Abstracts for Talks
Translation Models for Natural Language Understanding, Kishore
Language Understanding in a restricted domain can be posed as problem
of selecting the most probable formal language sentence given the natural
language utterance. Often, a finite set of formal language sentences
cover the intended domain very well. Then, NLU involves building a discrete
conditional probability distribution on the finite set of formal sentences,
conditioned on the natural language utterance. We discuss building this
a posteriori model directly using maximum entropy and related frameworks.
Results will be presented in the Air Travel Information Service domain.
Document Frequency is I-Divergence Optimal, Kishore
Document Frequency (IDF), widely used in information retrieval,
is a popular measure of a word's importance. While its use is justified
in many ways, it has not been shown to be optimal in a formal framework.
In this talk, we show that IDF is the optimal weight of a word with
respect to I-Divergence in an information retrieval setting assuming
that relevant documents contain all query terms. We also assign
optimal weights to longer n-grams, with the weights seen as a natural
extension to IDF of a single word. We use this framework for unsupervised
identification of phrases in text corpora.
of Natural Language, Wlodek Zadrozny
Is it possible
to estimate the difficulty of creating natural language applications?
This problem is of growing practical and theoretical interest. One measure
of complexity is the number of objects and relations in the domain of
consideration. However, for practical applications, measures of complexity
must take into account accuracy of processing, relationship to world
knowledge, evaluations etc. The talk surveys initial results and describes
research issues ranging from purely mathematical and linguistic to technological.
Language Semantics, Wlodek Zadrozny
We look at
formal relations between synonymy and compositionality. We prove that
synomy does not put any formal constraints on compositionality. i.e.

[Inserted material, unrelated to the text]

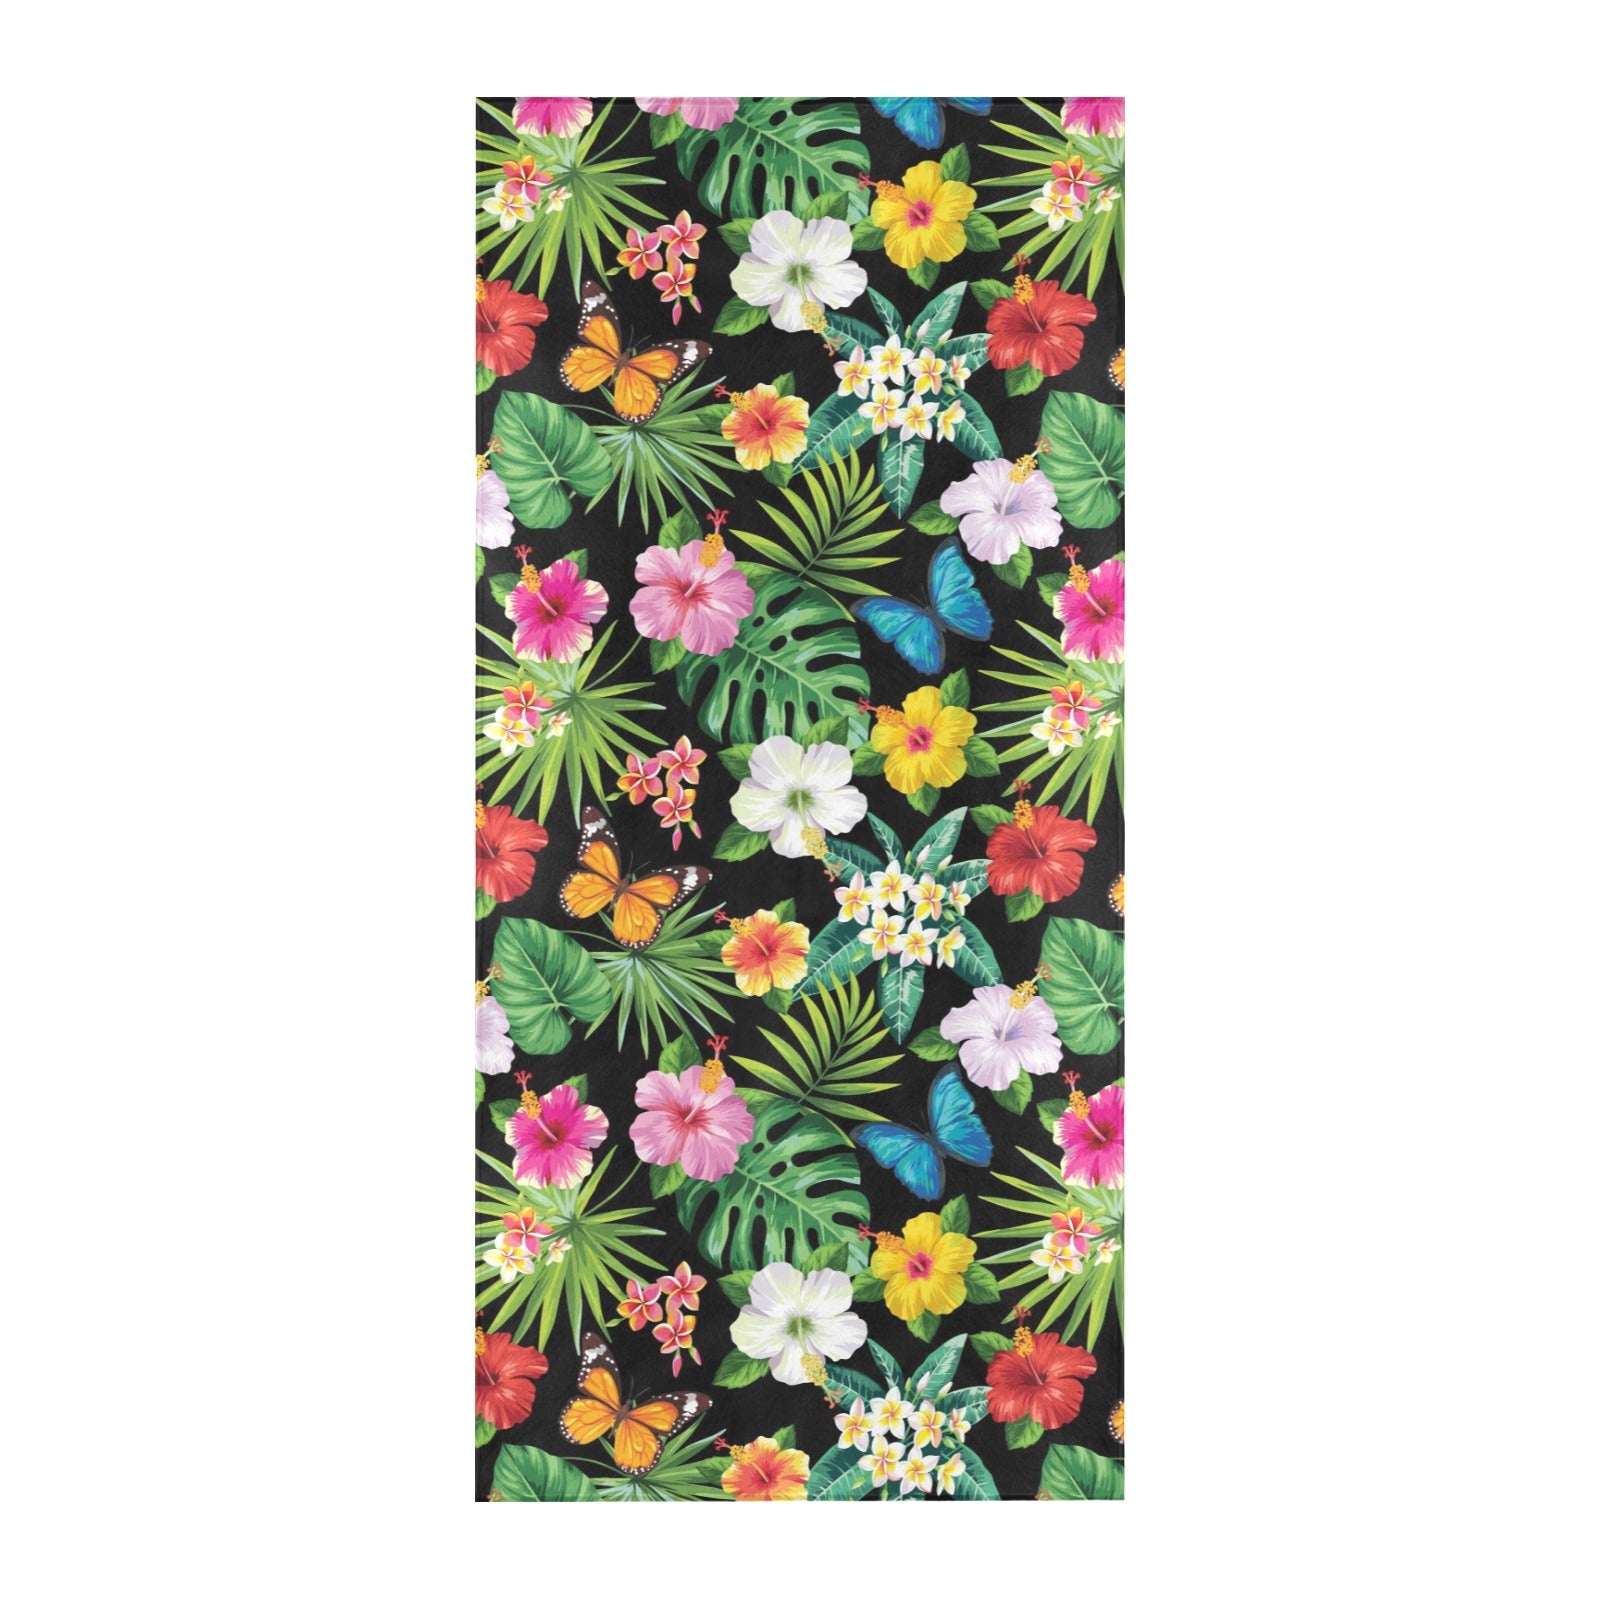 Hibiscus With Butterfly Print Design LKS305 Beach Towel 32" x 71"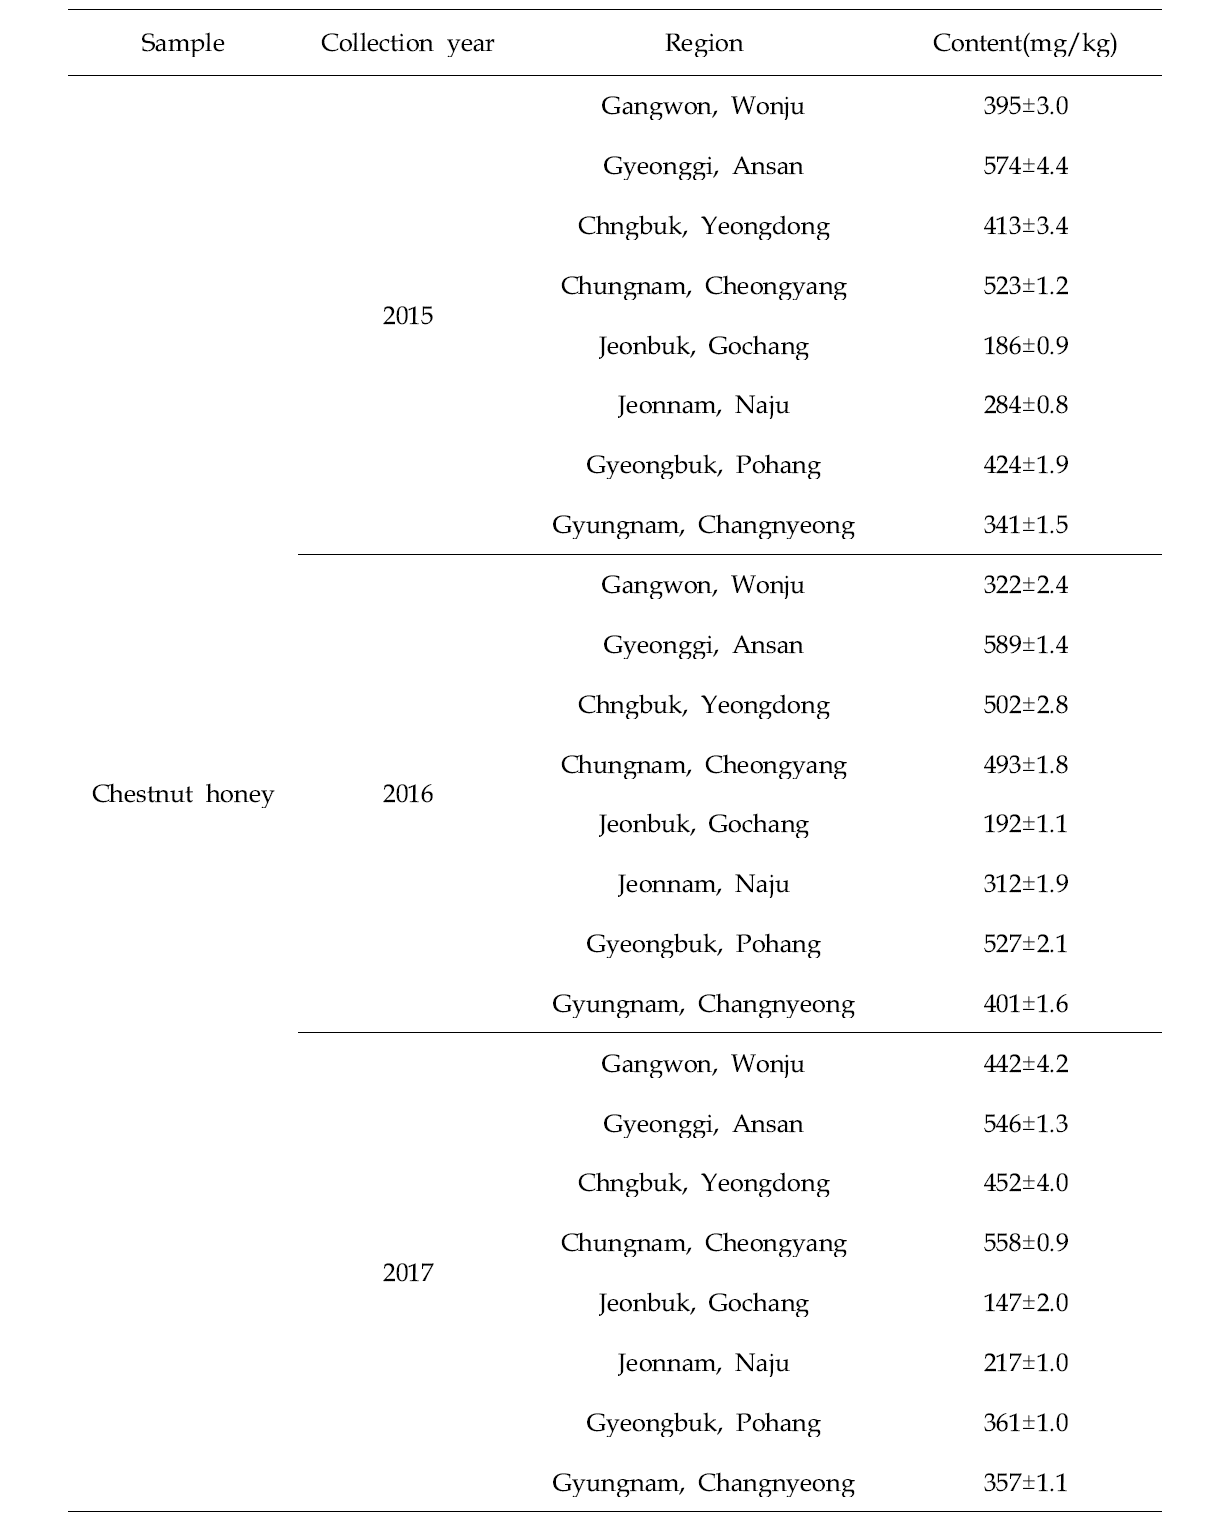 Content of kynurenic acid in chestnut honeys collected from different regions from 2015 to 2017 year in Korea

with a proper encoding,if two expressions are synonymous, then their
compositional meanings are identical. We suggest that the reason that
semanticists have been anxious to preserve compositionality as a significant
constraint on semantic theory is that it has been mistakenly regarded
as a condition that must be satisfied by any theory that sustains a
systematic connection between the meaning of an expression and the meanings
of its parts. Recent developments in formal and computational semantics
show that systematic theories of meanings need not be compositional
(joint work w. Shalom Lappin, King's College).
Parser Adaptation Based on Model Transform, Xiaoqiang
- It is observed
that performance of a statistical parser degrades rapidly when the style
of test text is different from training text. I will talk about how
parsing accuracy can be improved by transforming models. Two types of
transforms have been explored: 1) using a Markov matrix; 2) using Householder
transform. Results show that classing errors can be reduced by 20-30%
in AirTrav domain.
Parser Adaptation Via Householder Transform,
We propose a method of adapting a statistical parser using a special
orthogonal transform -- Householder transform. Probability mass functions
(pmf) in the parser are first mapped to unit sphere, then a Householder
transform is applied, which maps a point in unit sphere to another point
in unit sphere. The final model is obtained by mapping the transformed
point in unit sphere back to simplex through a square map. The proposed
method is tested on a semantic parser, and over 20% relative reduction
of parse errors can be achieved.
the Probabilities of Unseen Events: A Language Modeling Perspective,
- In many
tasks, we must estimate the probabilities of events that we have never
seen before. For example, consider the estimation of the probability
that the next president of the U.S. is a woman. A naive estimate can
be found by dividing the number of past female presidents by the total
number of past presidents, but the resulting estimate of zero is clearly
an underestimate. A wide range of techniques have been developed in
the field of "language modeling" to improve on these naive "maximum
likelihood" estimates. Language modeling deals with the estimation of
the frequency of a given word given the preceding words in text. In
this talk, we present a history of the "smoothing" techniques studied
in language modeling to estimate unseen event probabilities, and we
discuss the impact of improved smoothing in language modeling on the
tasks of text compression and speech recognition.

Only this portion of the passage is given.